業種平均・中央より高ければ十分素晴らしく、それを長期間にわたり維持できていればバッチリです。さらに成長しているなら文句のつけようもありません。
さて今回はそれが叶わなかったケースですね。
前提として他の数値は良い(超大事な前提です!)ということで説明していきます。
①業種平均を下回っているケース
大事なことなので何度も言いますが、他の数値が良ければ検討しましょう。
まずはバフェットコードで営業利益率の平均値・中央値を確認し、IRBANKで過去からの流れをみます。
仮に業種平均・中央値を下回っていたとしても、現状それに向けて改善・成長を続けている場合や、利益率は低くとも毎年着実に売上を伸ばしていて、それが増配に繋がっているなら問題はありません。懸念点もありますが、そちらは後述します。
事例解説:タマホーム
売上高編に続き、またしてもタマホームを事例として紹介します。
バフェットコードを見ると、建築業界の営業利益率は…
・平均値:6.2%
・中央値:5.8%
となっています。
さて続いてIRBANKをみます。
上記で少し触れていますが、バフェットコードの数値は基本的に前年度ベースです。というより確定ベース。
現在3Q決算開示を終え、次に本決算を待つタマホームの場合、今期の予想値で見ていきたいところですよね。
ということで、予想値を表示しているIRBANKへ行きましょう。
ここまで見れば分かる通り、タマホームは営業利益率が5.42%予想ということで、平均値6.2%、中央値5.8%を共に下回っています。
しかしながら、利益率は2017/5以降順調に成長しています。となると、まるで問題はなさそうに思います。
売上高も順調に上がっていますし、非常に良い成長の只中にあると言ってよいでしょう。
②営業利益率が減衰しているケース
本当に何度も言いますが、他の数値が良ければ検討しましょう。
こちらは決算資料を確認ですね。
営業利益率が下がる要因はいくつかありますが、代表的な事例をあげると…
- 商品価格の値下げを行った
- 原価・人件費をアップした
といった所です。企業事例は最後に一つあげるとして、まずは個別に内容を解説していきましょう。
商品価格の値下げ
値下げを行えば、単純に利益が減ります。
この場合、考えるべき点は
・なぜ値下げをしなければいけなかったか?
・値下げにより売上は回復したか?
という点です。
値下げをしなければいけない理由は、売れていないor売れなくなるためです。
ここには色々理由があります。需要がなくなったのか、競合や業界全体が値下げしている為なのか。
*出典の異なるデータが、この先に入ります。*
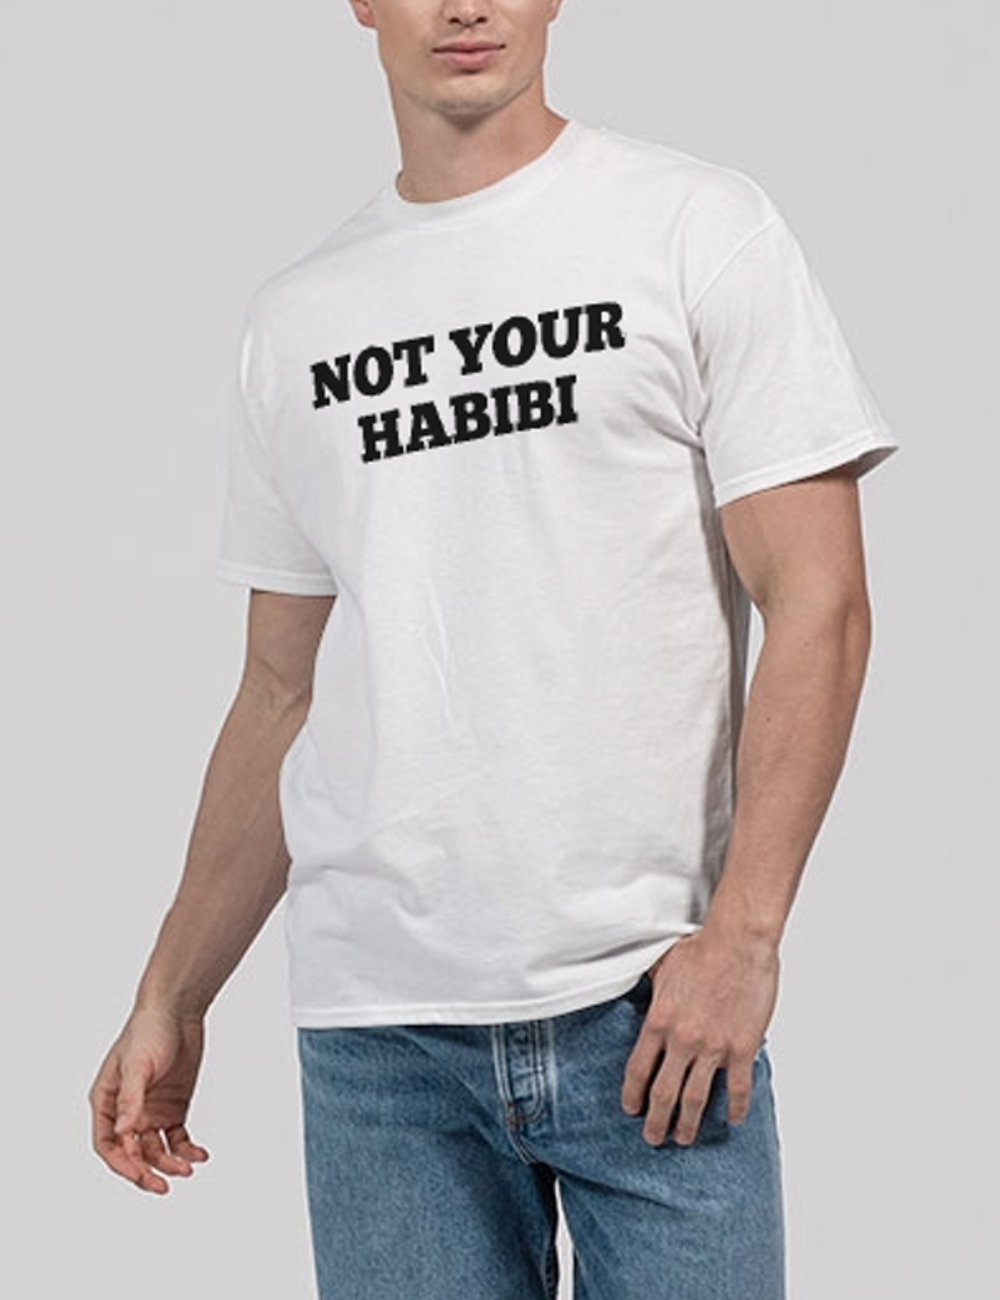 Not Your Habibi Men's Classic T-Shirt OniTakai

しかし重要なのは、この値下げで売上が回復したかどうか、という事実です。
需要がないのなら値下げをしても回復はしないでしょうし、需要があり競合との価格競争に負けているだけであれば、回復していく可能性は高いのです。
値下げを行っても回復しないなら、今後の売上高成長は頭打ちでしょう。
売上が成長しないなら利益も成長しない。となると配当は利益から出すものですから、当然配当も増えなくなる可能性が高い。
そうなれば投資対象からは落選ということになります。
原価・人件費の値上げ
原価は価格変動が上げ下げ共に頻繁にあるものと、安定しているがその分上がるとまず下がらないもの、の2パターンに分かれます。そして人件費は後者のほうですね。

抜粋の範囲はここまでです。